BACKGROUND: In 2019, the European Working Group on Sarcopenia in Older People (EWGSOP2) proposed low muscle strength as the primary outcome for sarcopenia diagnosis instead of low muscle mass, as proposed in 2010 (EWGSOP1). Therefore, the aim of this study was to compare the prevalence of sarcopenia using both EWGSOP1 and EWGSOP2 operational definitions in people living with HIV (PLHIV) and to determine the agreement and correlation between different tests proposed by EWGSOP2. SETTING: Cross-sectional study, where 302 PLHIV (151 men), 51.7 ± 9.0 years old were evaluated for the presence of sarcopenia using both EWGSOP1 and EWGSOP2 operational definitions. METHODS: Appendicular skeletal muscle was estimated using bioimpedance analysis. Handgrip strength, chair stand, gait speed, and static balance were used as muscle function measures. Agreement was determined using Cohen kappa and Pearson correlation coefficient was calculated. RESULTS: Sarcopenia prevalence was 4.3% using EWGSOP1 and 1.0% using EWGSOP2. Agreement for sarcopenia diagnosis between EWGSOP1 and EWGSOP2 was fair (k = 0.37, P < 0.01). From the 13 cases of sarcopenia diagnosed using EWGSOP1, only 3 cases (23.1%) were also diagnosed using EWGSOP2. A medium correlation (r = -0.32, P < 0.01) and poor agreement (k = 0.14, P < 0.01) between muscle strength tests (handgrip strength and chair stand) were observed. Concordance between handgrip and chair stand was observed in 11 participants only, whereas 65 participants were considered to have low muscle strength using chair stand but not using handgrip. CONCLUSIONS: Lower sarcopenia prevalence using EWGSOP2 and low agreement between EWGSOP1 and EWGSOP2 operational definitions in diagnosing sarcopenia were observed in PLHIV.

Sarcopenia in people living with the Human Immunodeficiency Virus: a systematic review and meta-analysis.

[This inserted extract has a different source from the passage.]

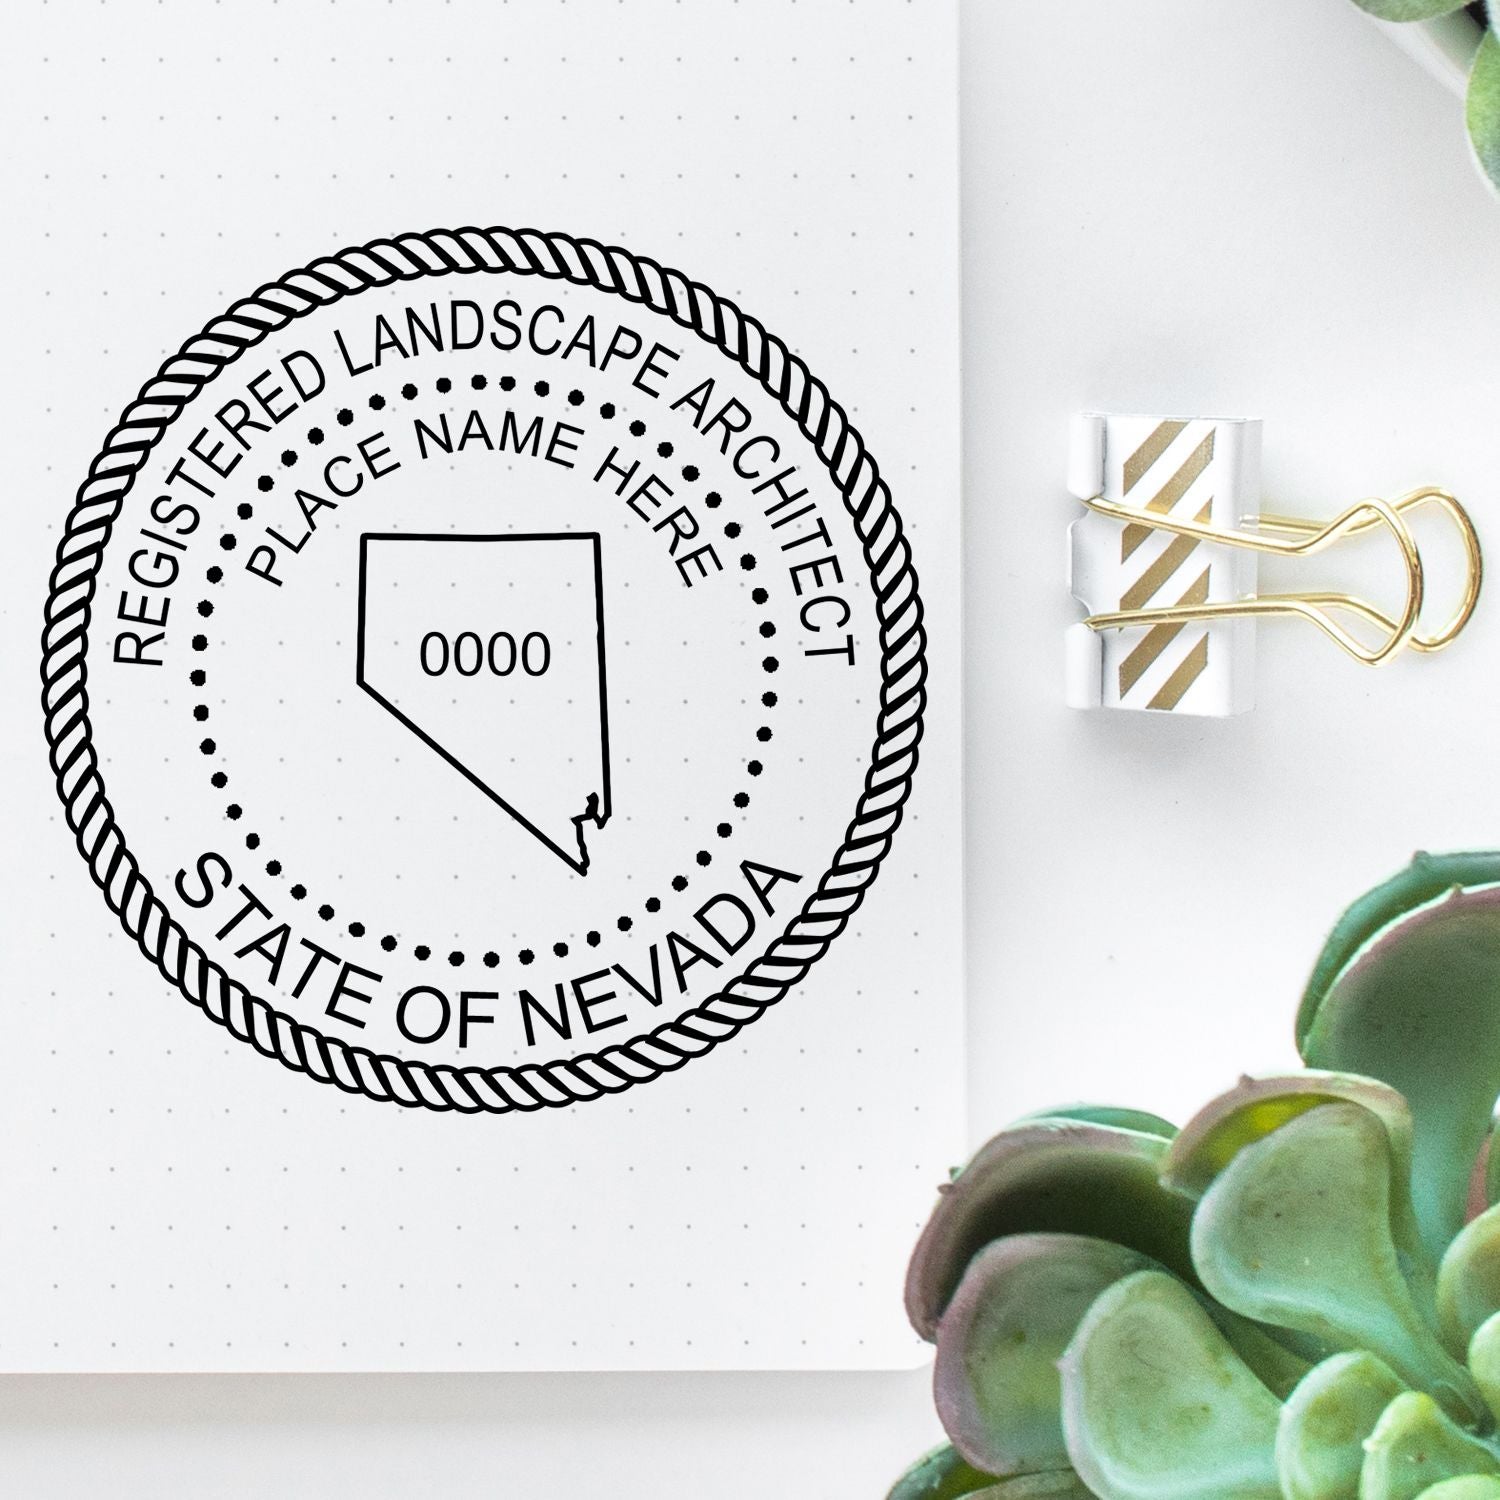 A stamped impression of the Self-Inking Nevada Landscape Architect Stamp in this stylish lifestyle photo, setting the tone for a unique and personalized product.

People living with HIV (PLHIV) experience greater loss of muscle mass and function than people without HIV. However, HIV is not routinely recognized as a sarcopenia risk factor outside of HIV literature. The purposes of this study were to establish the prevalence and predictors of sarcopenia among PLHIV, and to compare the prevalence of sarcopenia among PLHIV and people without HIV. A systematic literature search of the PubMed, Embase, Cinahl, and Scielo databases was performed following PRISMA and MOOSE guidelines. Identified articles were included if they evaluated sarcopenia among PLHIV using either the presence of low muscle mass only or low muscle mass in association with low muscle function. The pooled prevalence of sarcopenia among PLHIV and the odds ratio for sarcopenia in PLHIV compared with controls were calculated. From 13 studies and 2267 participants, the prevalence of sarcopenia among PLHIV was 24.1% (95% CI = 17.8-31.0%). PLHIV presented 6.1 greater odds (95% CI = 1.1-33.5) of sarcopenia compared with people without HIV, matched by age, sex, BMI, and ethnicity. Longer exposure to specific HIV drugs, tobacco and alcohol, lower education and employment rates, and greater HIV duration were associated with sarcopenia. In conclusion, PLHIV had a high prevalence of sarcopenia, related to both HIV and non-HIV risk factors. HIV should be considered a risk factor for sarcopenia in the general population. CRD42019131449.